December 18, 2020

Neighborhood erects statue of beloved stray dog

By haziqbinarif

Whether or not all dogs go to heaven, one very good boy is being immortalized for posterity here on Earth with a statue in Estonia’s capital, Tallinn.

The black-and-white stray dog, who locals called Zorik, was a resident of the Kalamaja neighborhood for 12 years, since he was a pup, before being taken in by good Samaritans to spend his last days in shelter and comfort.

But the community has missed his presence so dearly that they launched a fund-raiser to have a statue of Zorik, created by a local artists, erected in a nearby public area for all to honor and remember him. The sculpture depicts the good-natured pooch sitting upright with a cat nestled below his chest. It was said that the faithful Zorik had often traipsed through Tallinn with other strays, including cats.

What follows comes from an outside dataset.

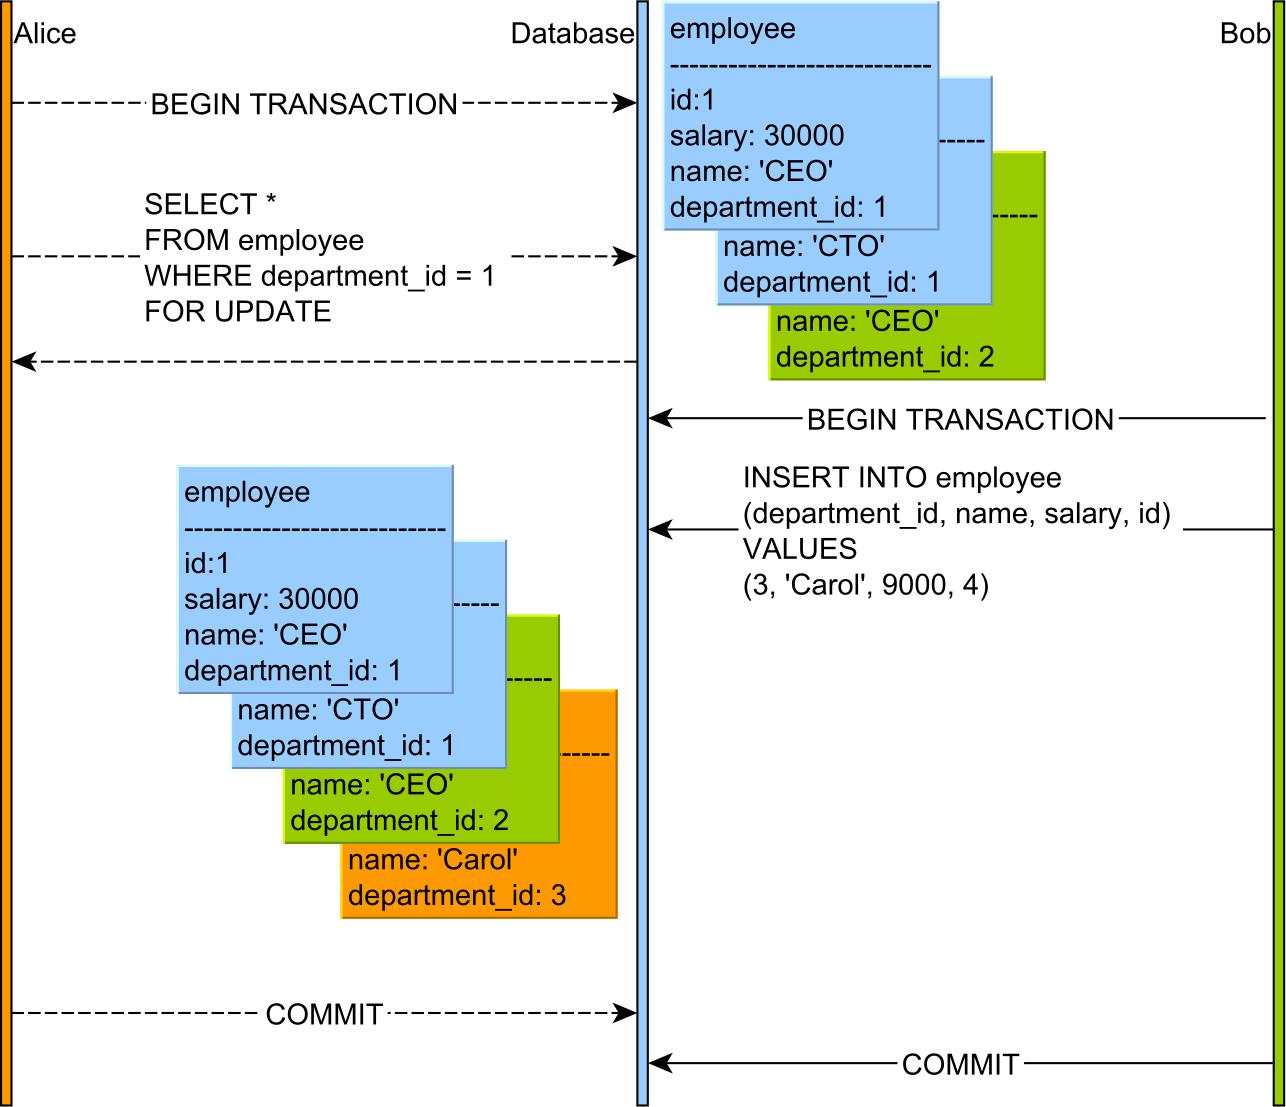 Table lock as predicate lock MySQL Department 1 and 3

“People donated for the monument,” said Heiki Valner, an animal rescuer and leader of Zorik’s statue campaign. “They still follow his fate even though he is already old and frail,” she told AP.

Zorik pictured in the backyard of his new home with Viktoria Ger.

The neighborhood is home to both Estonian and Russian-speakers, who found common ground in their appreciation for the dog, according to Valner, calling Zorik a “point of integration” for the burgeoning community. A newly opened cafe even took on the dog’s name as tribute.

Many residents in the past had tried homing the “free spirit,” as Valner called him, but he refused to stay put. As old age set in, concerns for his health and safety prompted animal rescuers to again find shelter for Zorik.

“In the end, he was so senile that he would just fall asleep on the railway or tram tracks or just here on the road, so that cars had to drive around him,” Valner said.

Viktoria Ger, Zorik’s final caretaker, called him a “peculiar dog” who “doesn’t trust people,” which she said was a result of a lifetime of hard living and abuse by some heartless humans. Not everyone treated him with dignity, according to Valner, who called his story “a contest of good and evil.”

In Zorik’s case, “kindness won,” she said.